Jamaican wins right to challenge Bermuda deportation order
HAMILTON, Bermuda (CMC) — A 40-year-old Jamaican convicted of a serious sex assault 10 years ago while living in Bermuda has been granted permission by a judge to apply for a judicial review of a deportation order against him.
Brittonie Taylor, who served eight years for the offence, appeared in Supreme Court on Friday to fight an order to send him back to his homeland.
Read: Jamaican sex offender in Bermuda to fight deportation order
Puisne Judge Larry Mussenden pointed to the need for fairness as he granted Taylor leave to apply for a judicial review.
Reporters were denied permission to attend the hearing, but defence lawyer Victoria Greening said later it was agreed the case would be dealt with on an expedited basis and that the hearing could be heard next month.
Taylor’s civil suit asked for unspecified damages for what he claimed was “unlawful and unfair” detention since March 28.
Taylor has lived on the island, where he has four Bermudian children, since 2000. He said in an affidavit that he had a 23-year-old stepdaughter, 17-year-old twins and a 10-year-old son with his Bermudian wife.
“I have a close relationship with my children, particularly with my 17-year-old son. Since my release in October 2020, I have spent regular and quality time with him, fishing and making up for the time lost when I was incarcerated.
“My son was — and still is — extremely distressed when he learned that I had been taken back to prison and that the authorities are considering my deportation.,” said Taylor, who was sentenced to 16 years in jail in 2012 after he pleaded guilty to a sex attack on a woman at a bus stop in Smith’s parish a year earlier.
He admitted that he carried his victim to an isolated area and forced her to perform a sex act on him.
Taylor also attempted to rape the woman, but she was able to alert a passer-by to the attack. The sentence was later reduced to 14 years by the Court of Appeal.
Taylor also admitted to twice accosting a woman jogger in a neighbouring parish 35 minutes before the bus stop attack and was sentenced to another year in jail for intruding on her privacy.
During his trial his then defence lawyer Marc Daniels said Taylor could remember nothing of the bus stop attack.
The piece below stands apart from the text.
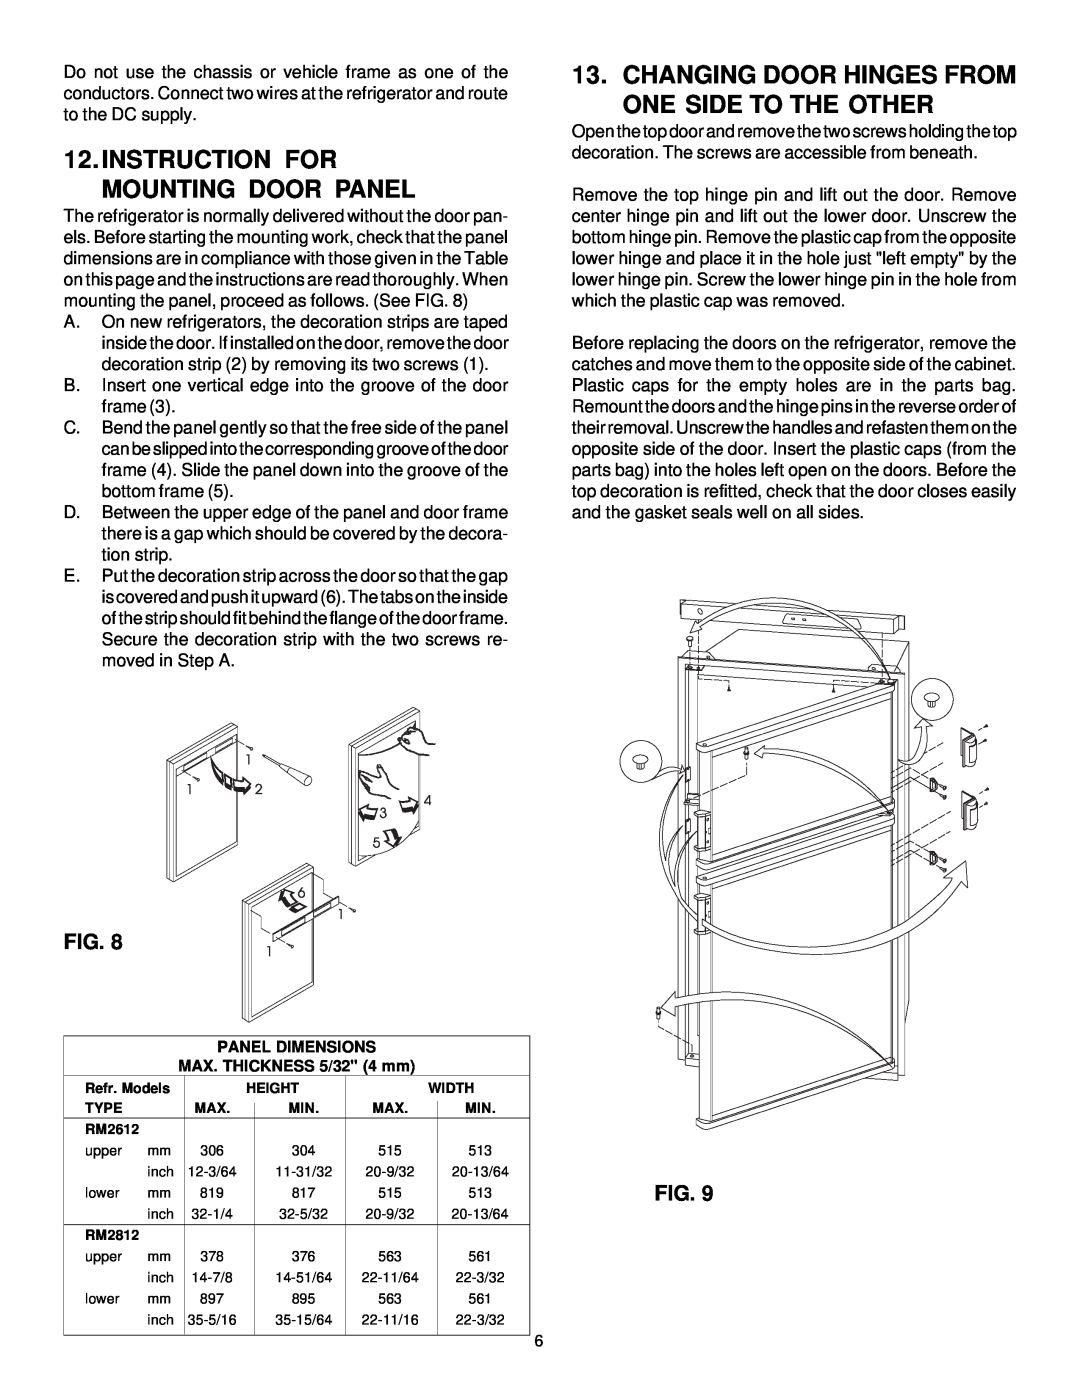 Dometic RM2612, RM2812 manual Instruction For Mounting Door Panel, Changing Door Hinges From One Side To The Other

He suggested the defendant, who had been treated for bipolar disorder, may have been in the grip of a mental health crisis exacerbated by drinking alcohol, smoking marijuana and failing to take his medication.
Taylor was released from prison last October and was due to be flown back to Jamaica on March 29.
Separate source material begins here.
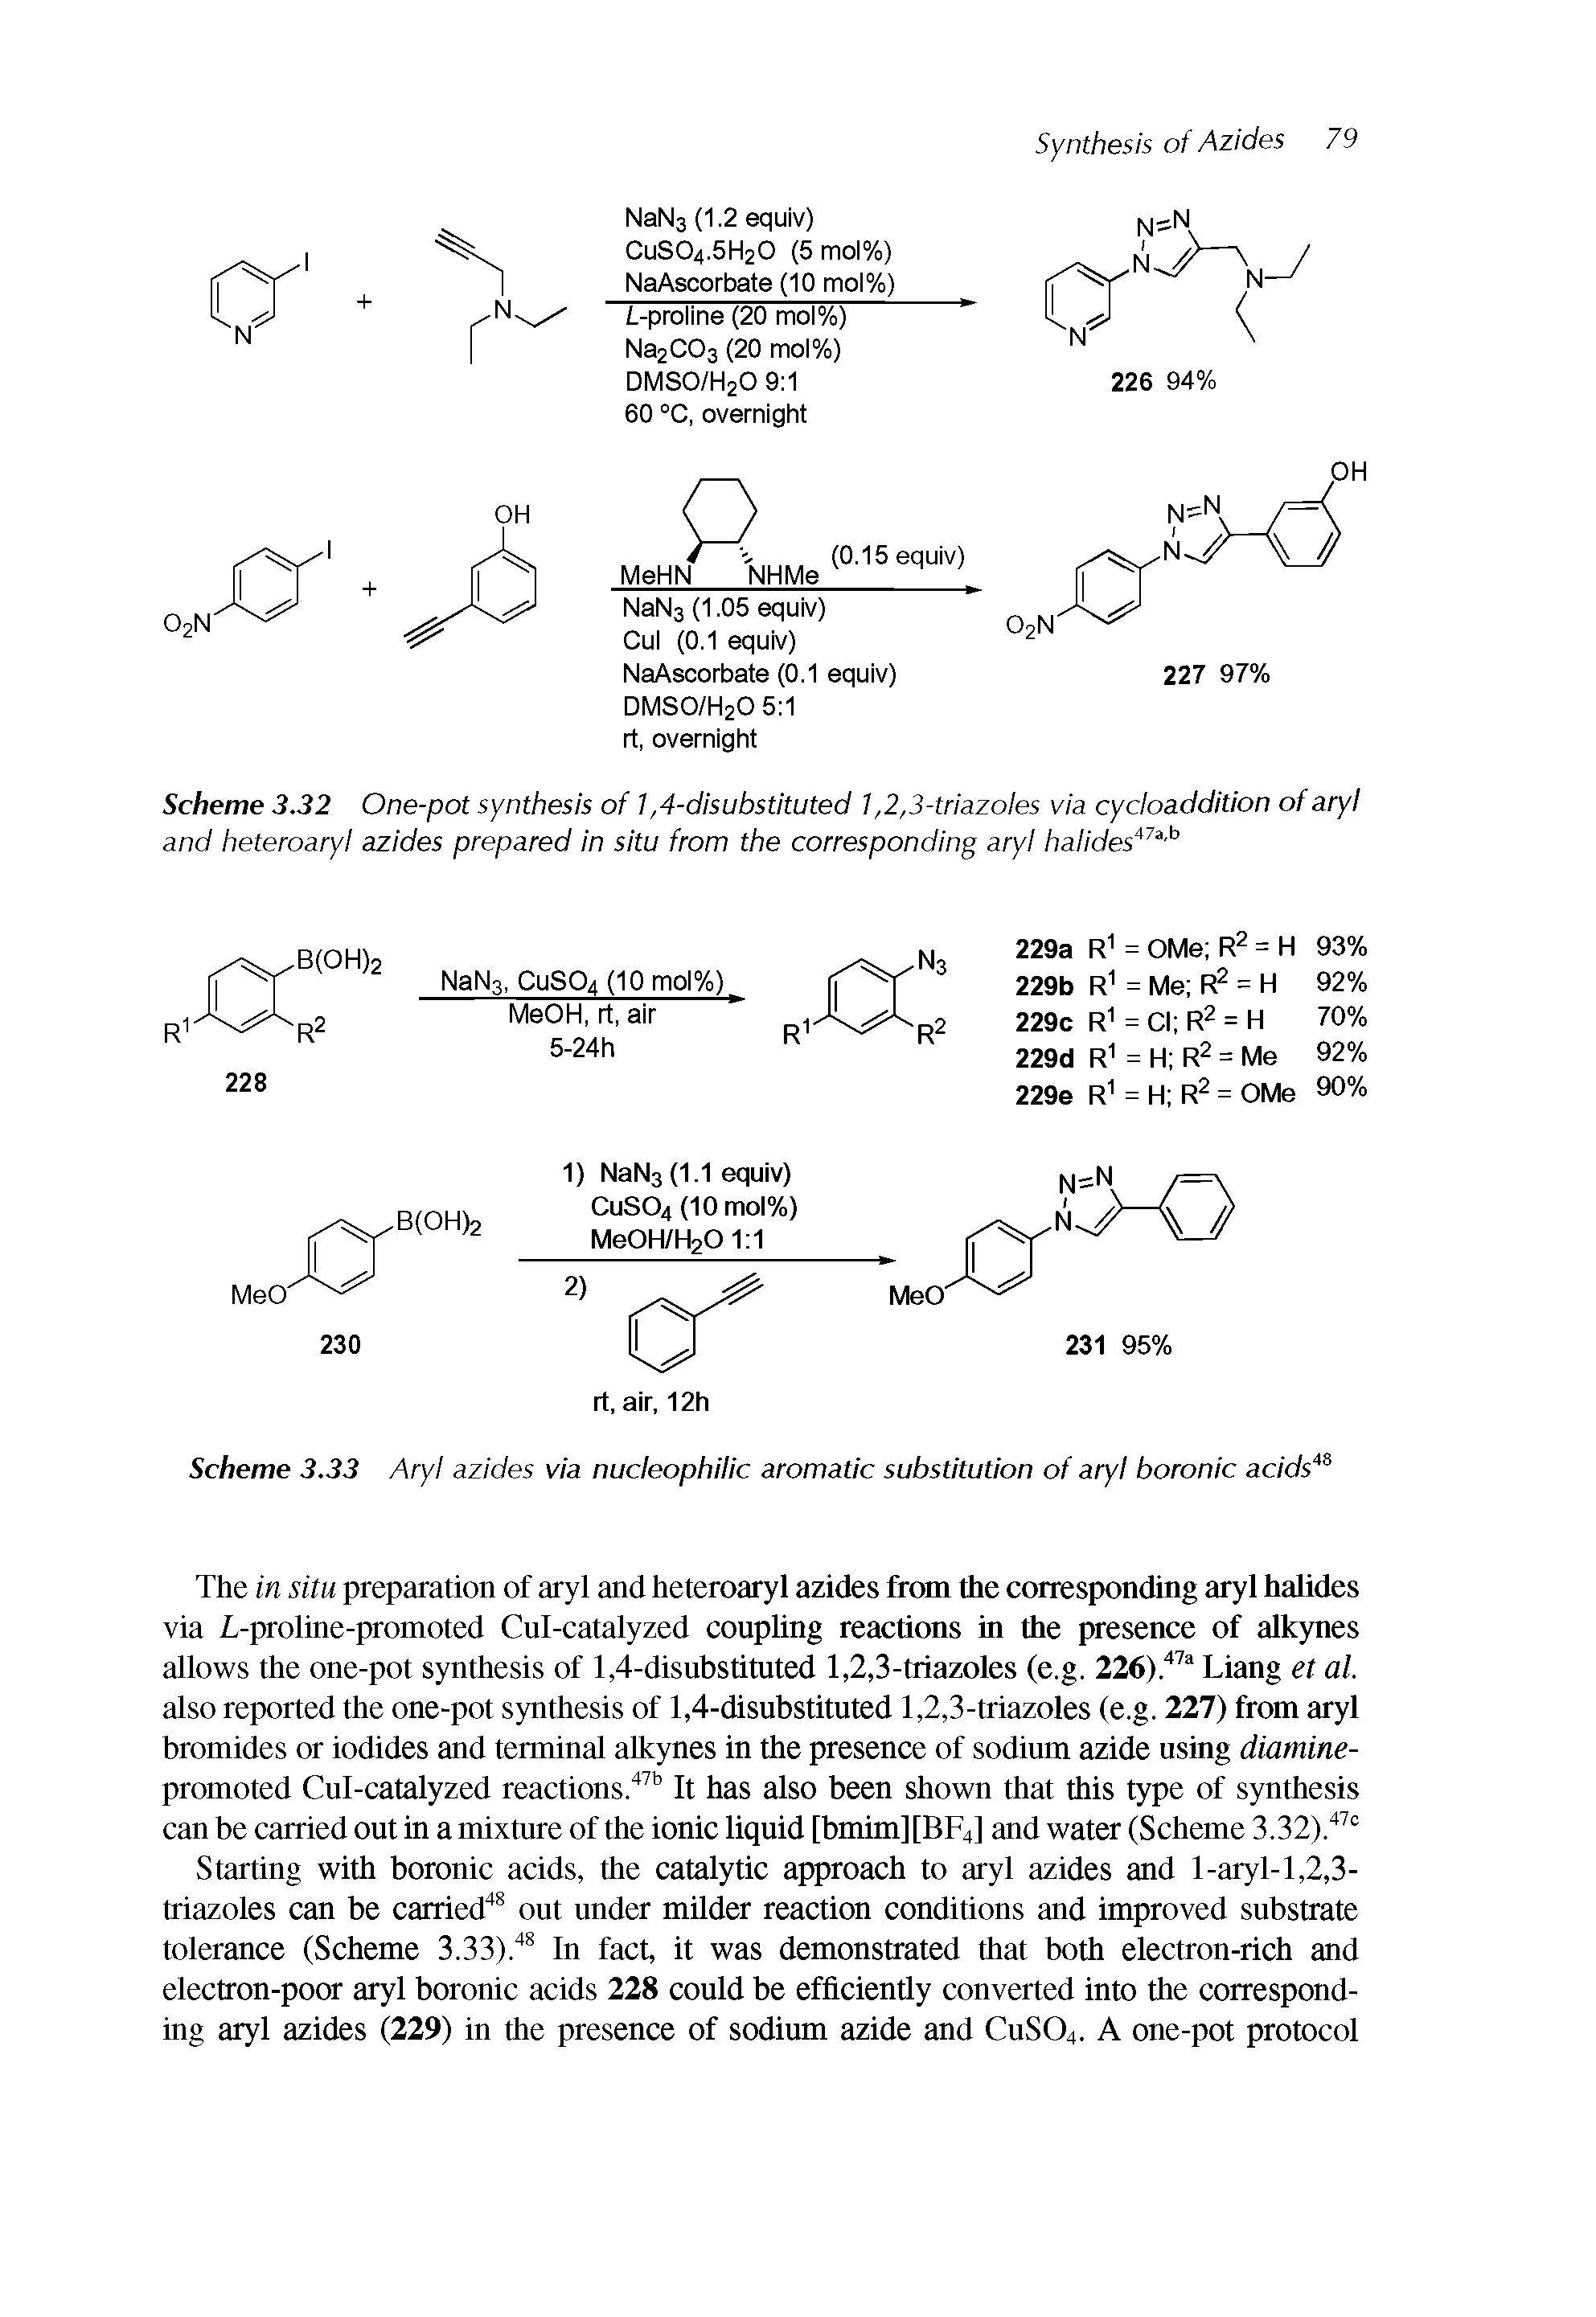 Scheme 3.32 One-pot synthesis of i, 4-disubstituted i, 2,3-triazoles via cycloaddition of aryl and heteroaryl azides prepared in situ from the corresponding aryl halides ...

But Magistrates’ Court heard last month that he was arrested the day before for an alleged failure to attend a pre-flight COVID-19 test and breach of an order to quarantine.
The court was told he made threatening comments while he was being taken to prison after his arrest and said he would “take the whole plane down” if he was deported.
An immigration official said the airline he was scheduled to fly with would have to be alerted and it was unlikely they would agree to let Taylor on board.
Senior Magistrate Juan Wolffe ruled that Taylor should be detained in prison.
Greening filed a writ of habeas corpus on behalf of Taylor last month and claimed his arrest and detention were unlawful.
Justice Mussenden ruled last week that Taylor’s detention was lawful.
But he added that a deportation by private jet — scheduled to take off last Friday — should not go ahead until the legal action was settled.